-------- AVAILABLE DATA --------

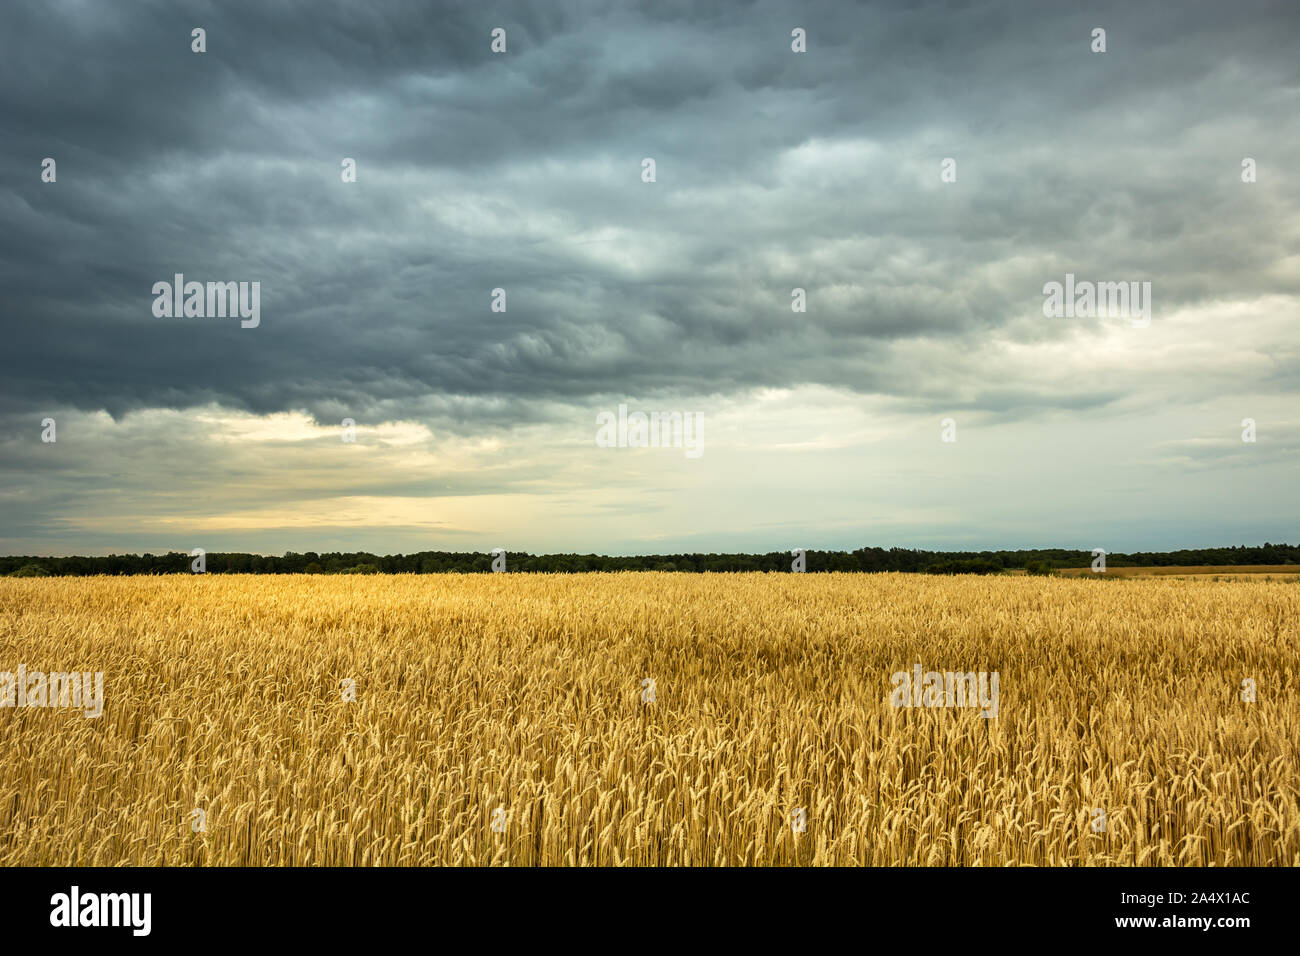 Champ de blé d'or, l'horizon et les nuages gris dans le ciel Banque D'Images
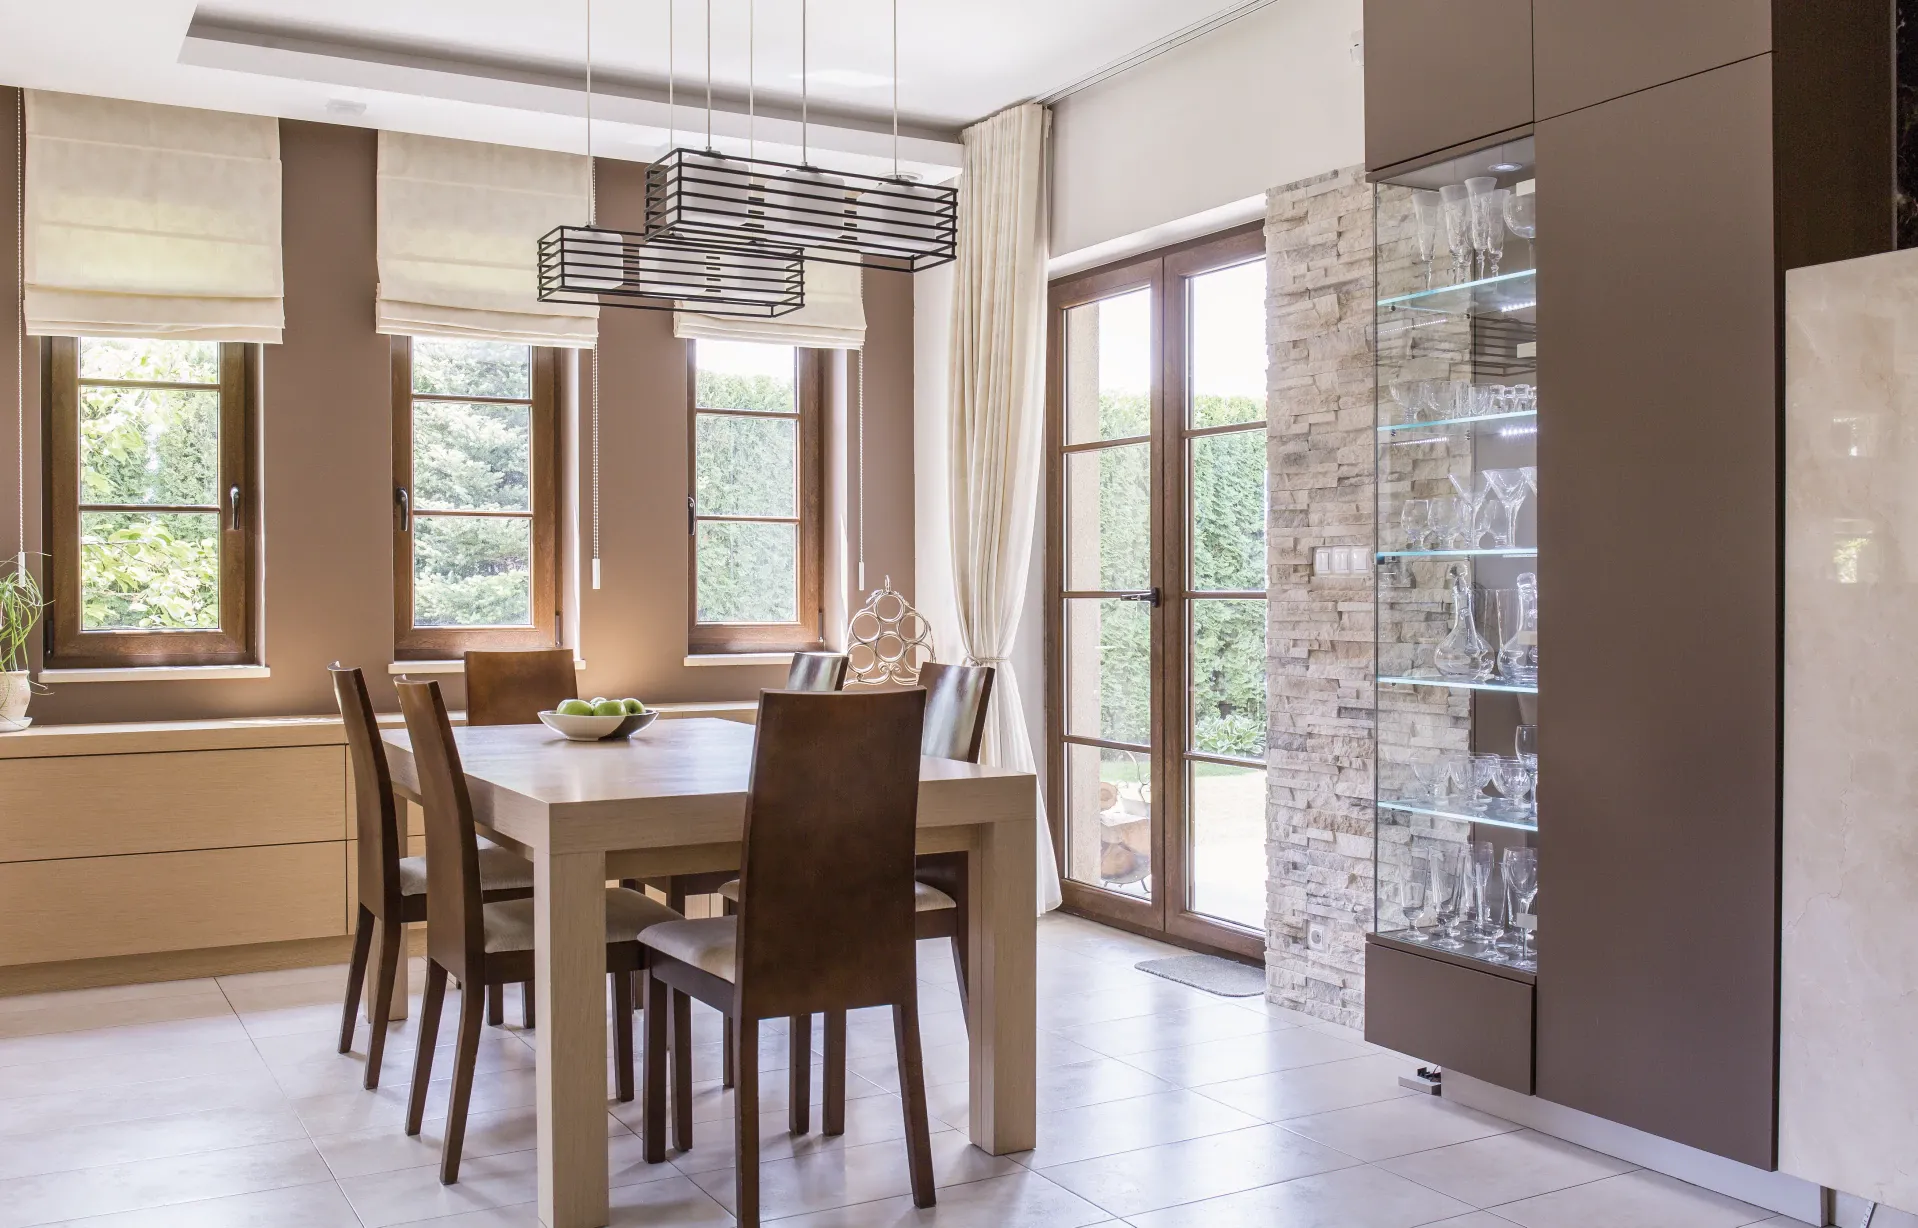 Las persianas romanas han hecho un comeback al mundo de diseño y deocración de interiores. Su estilo clásico y elegante las hacen unas persianas ideales para comedores y salas.
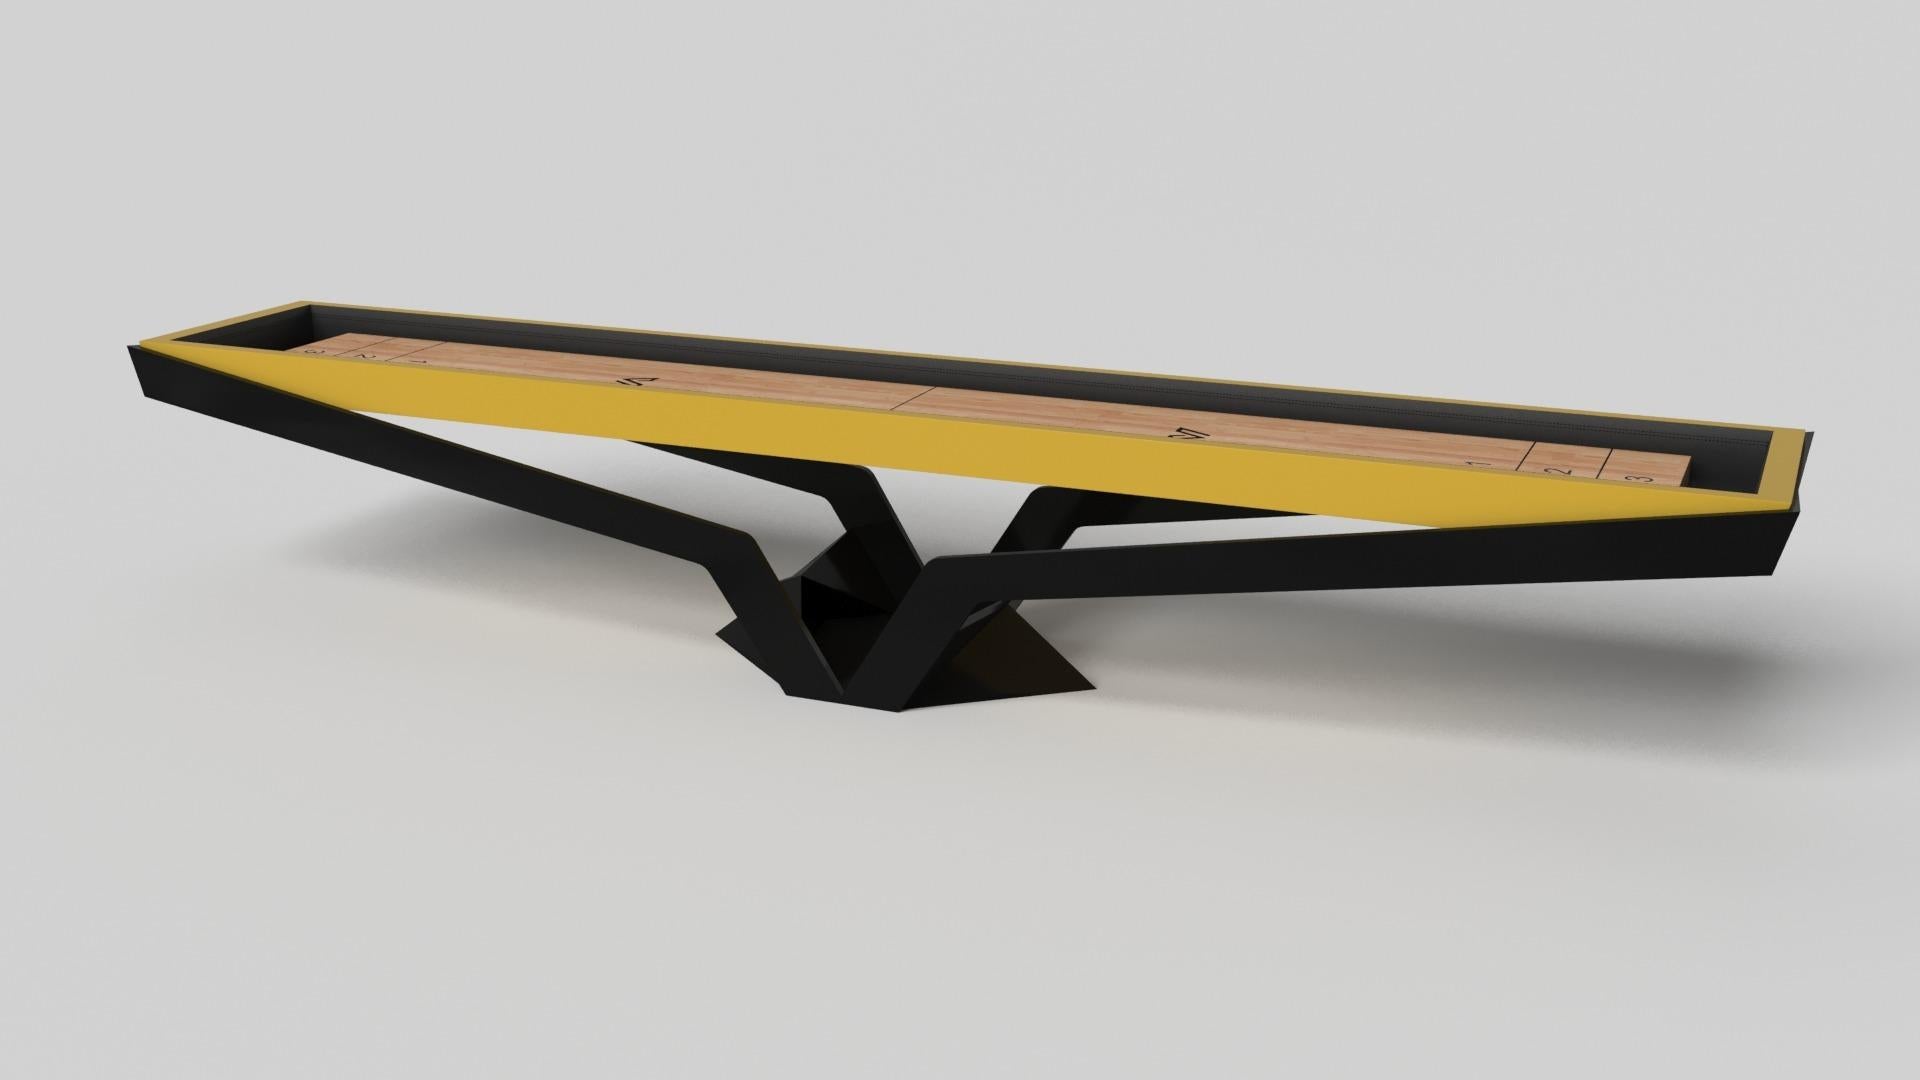 Der Enzo Shuffleboard-Tisch ist von den aerodynamischen Winkeln der europäischen Spitzenfahrzeuge inspiriert. Das Design mit seinen schlanken, V-förmigen Linien und der durchdachten Nutzung des negativen Raums verleiht diesem Tisch einen

--------

WHAT YOU HAVE TO DO: Leave out the images and copy all remaining data word for word.

YOUR SOLUTION:
 Champ de blé d'or, l'horizon et les nuages gris dans le ciel Banque D'Images
 Las persianas romanas han hecho un comeback al mundo de diseño y deocración de interiores. Su estilo clásico y elegante las hacen unas persianas ideales para comedores y salas.
 Der Enzo Shuffleboard-Tisch ist von den aerodynamischen Winkeln der europäischen Spitzenfahrzeuge inspiriert. Das Design mit seinen schlanken, V-förmigen Linien und der durchdachten Nutzung des negativen Raums verleiht diesem Tisch einen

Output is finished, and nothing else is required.